When such an SBP-2 device is switched on, it powers up the link layer controller
and spins up the disk, but doesn't make a config ROM available yet.  After the
disk is up and running and the LLC scanned it, it constructs and exposes the
config ROM.  (And usually, but not necessarily, it issues a bus reset to
announce it to the bus.  The SBP-2 spec says it doesn't have to, or actually
/should not/, issue a bus reset if the ROM becomes available within 5s after
power reset.)

Perhaps fw-core's device discovery code ignores such devices for whatever reason.

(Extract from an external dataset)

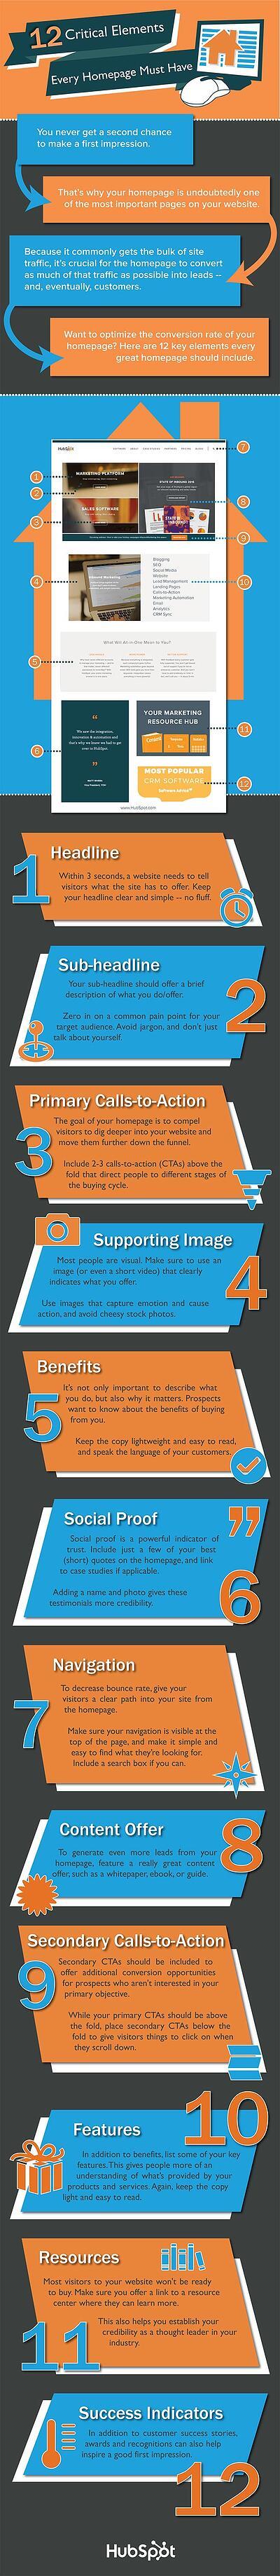 12 elementos críticos para la infografía de la página de inicio de un sitio web

Comment 8 Stefan Richter 2008-03-04 16:10:04 UTC
Jarod, is anything of this bug still relevant?

(The still unfixed http://bugzilla.kernel.org/show_bug.cgi?id=9617 looks different.)

Comment 9 Jarod Wilson 2008-03-04 17:12:18 UTC
Whoa, I filed this forever ago, forgot all about it... :)

No, haven't seen the panic in ages, and teh unplug-replug dance in comment #6 I
believe was remedied by the login orb config rom read timeout patch.